__Your goal__. Your reply should consist only of the lines from the one holding "MA-2024-036. MAGASIN AU" to the last line of the data below, written out exactly and without pictures.

__Input data__.
______________________________

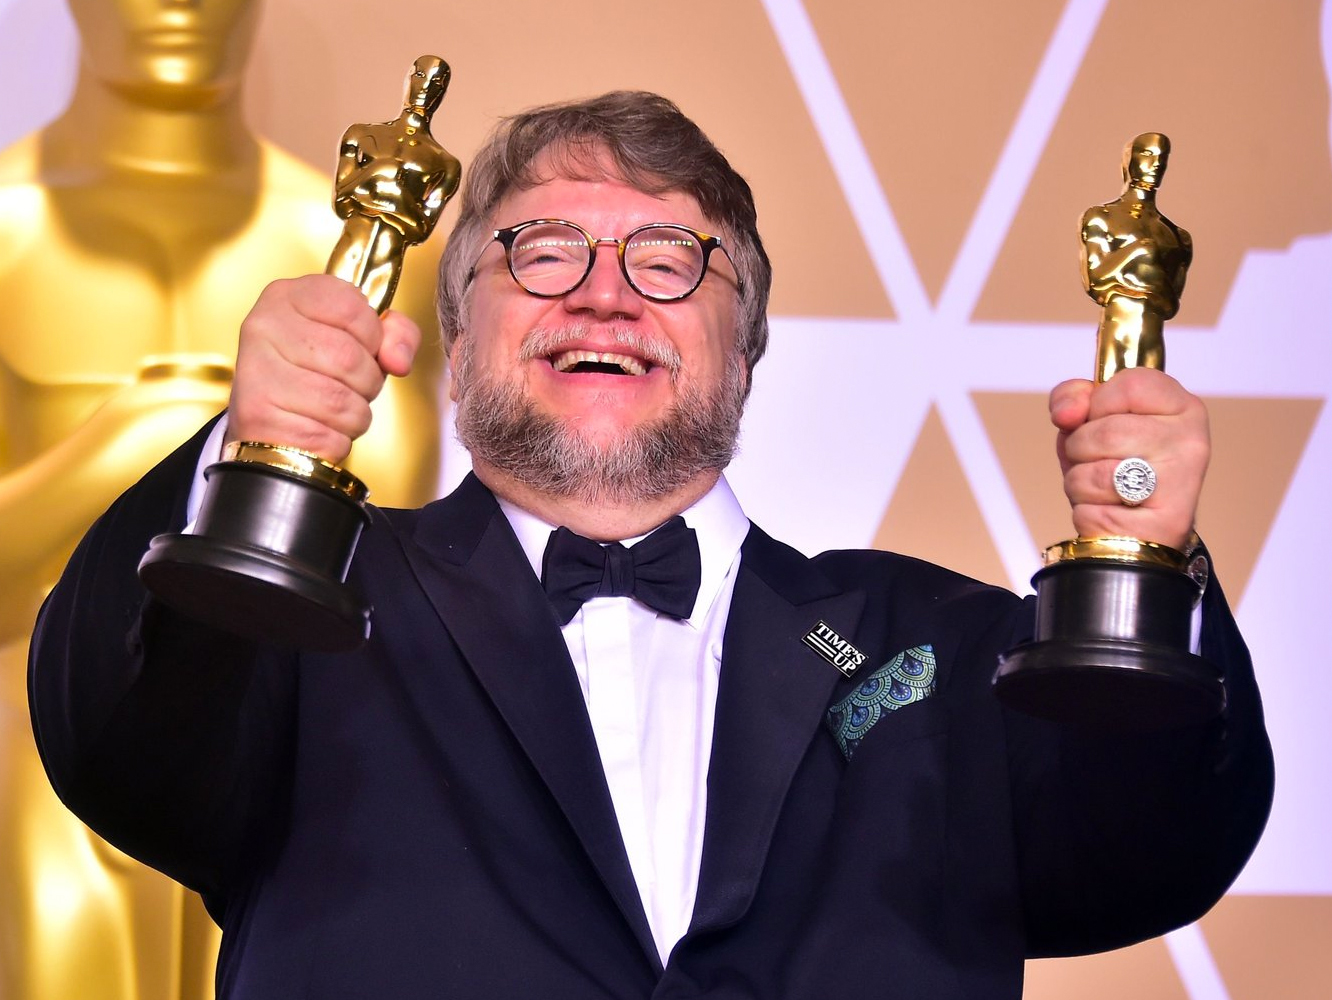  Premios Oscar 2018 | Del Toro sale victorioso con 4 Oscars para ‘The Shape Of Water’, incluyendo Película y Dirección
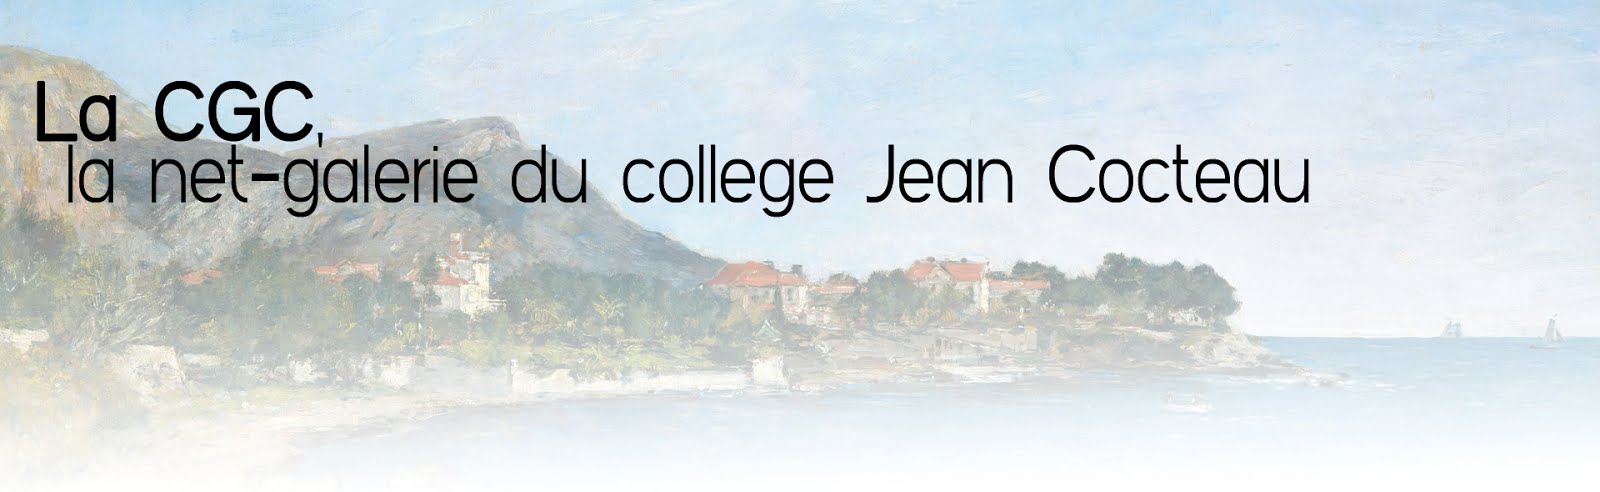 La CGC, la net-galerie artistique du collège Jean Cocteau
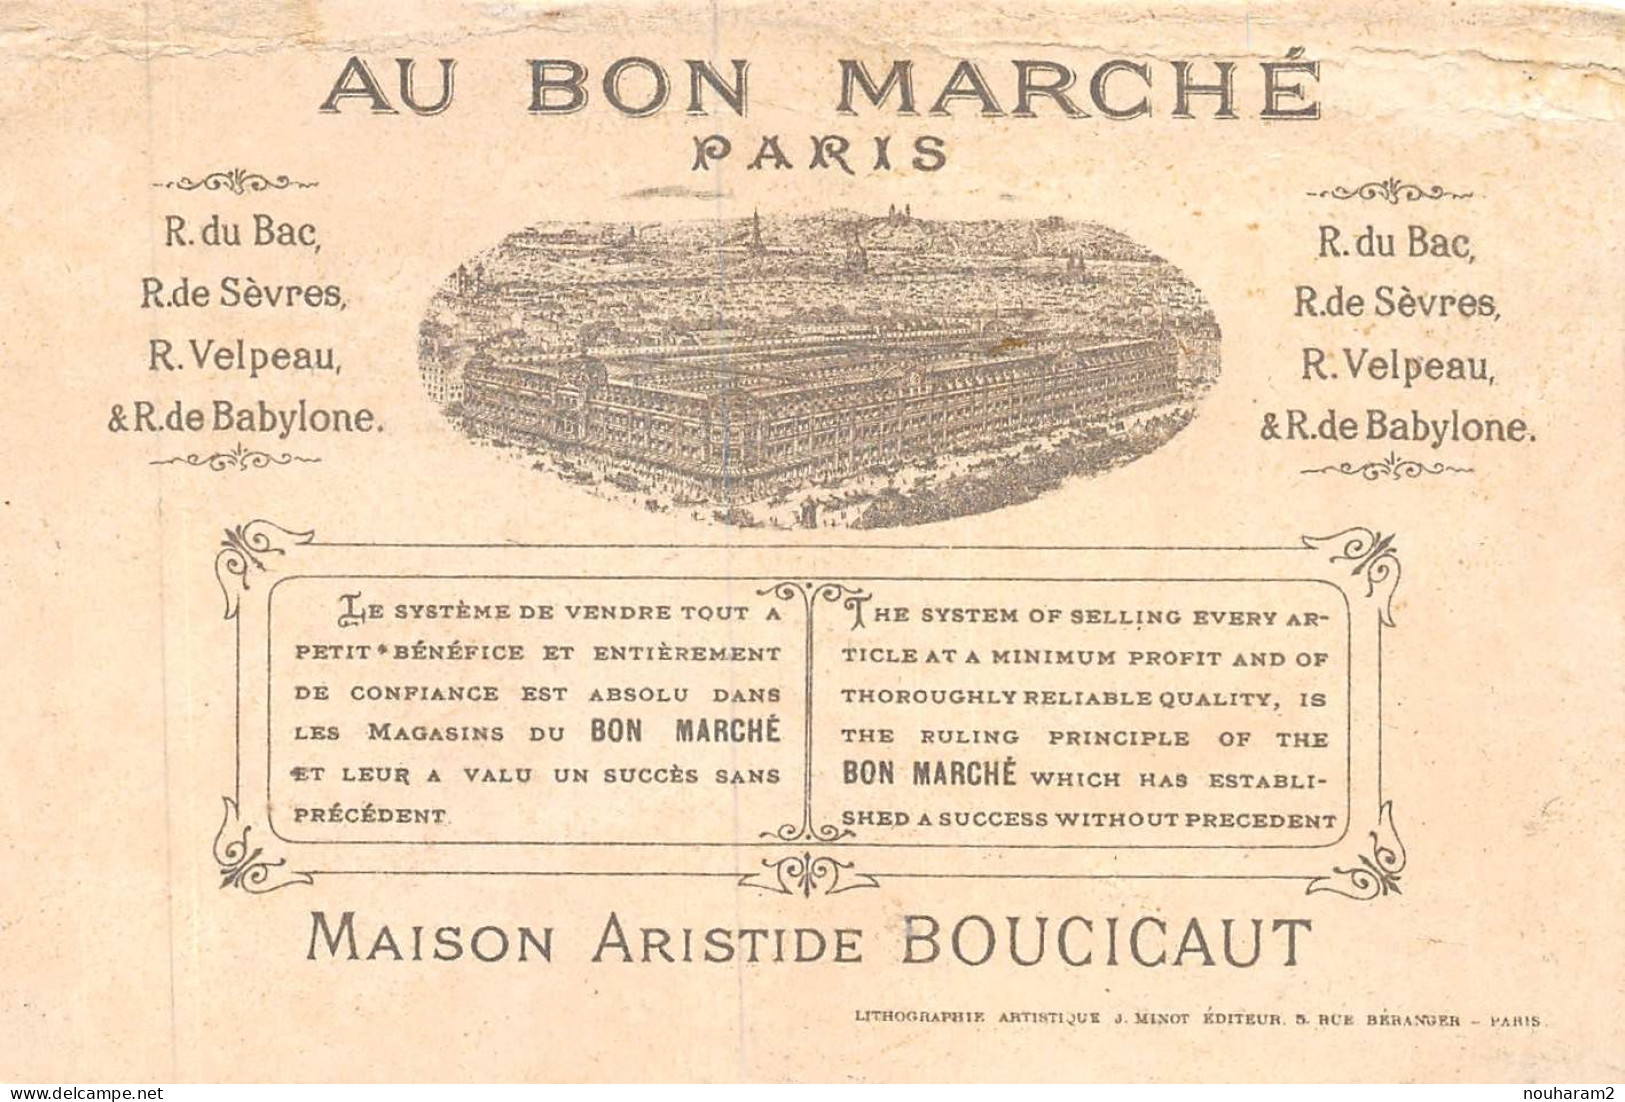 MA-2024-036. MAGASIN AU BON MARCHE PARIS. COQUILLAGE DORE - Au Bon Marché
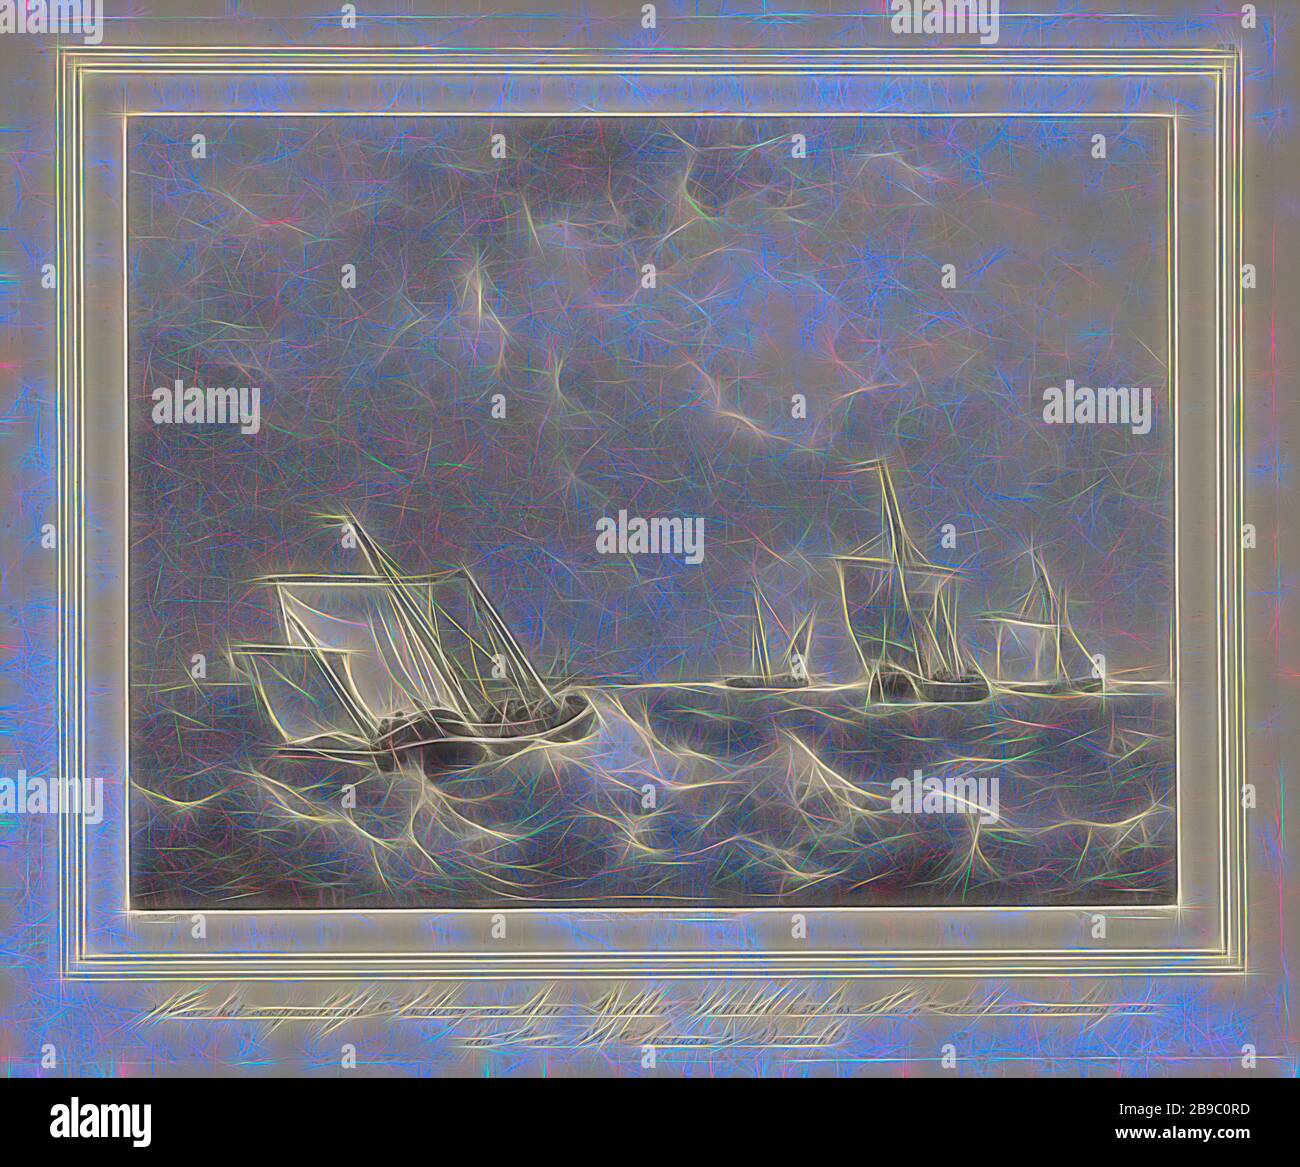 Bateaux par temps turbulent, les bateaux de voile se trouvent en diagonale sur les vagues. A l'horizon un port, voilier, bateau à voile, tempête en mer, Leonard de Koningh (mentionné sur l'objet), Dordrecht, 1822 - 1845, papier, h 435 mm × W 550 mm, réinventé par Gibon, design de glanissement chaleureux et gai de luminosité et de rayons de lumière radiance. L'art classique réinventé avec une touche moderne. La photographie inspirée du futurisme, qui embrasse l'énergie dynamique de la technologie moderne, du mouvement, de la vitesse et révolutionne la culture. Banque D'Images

______________________________

__Exercise solution__.
 MA-2024-036. MAGASIN AU BON MARCHE PARIS. COQUILLAGE DORE - Au Bon Marché
 Bateaux par temps turbulent, les bateaux de voile se trouvent en diagonale sur les vagues. A l'horizon un port, voilier, bateau à voile, tempête en mer, Leonard de Koningh (mentionné sur l'objet), Dordrecht, 1822 - 1845, papier, h 435 mm × W 550 mm, réinventé par Gibon, design de glanissement chaleureux et gai de luminosité et de rayons de lumière radiance. L'art classique réinventé avec une touche moderne. La photographie inspirée du futurisme, qui embrasse l'énergie dynamique de la technologie moderne, du mouvement, de la vitesse et révolutionne la culture. Banque D'Images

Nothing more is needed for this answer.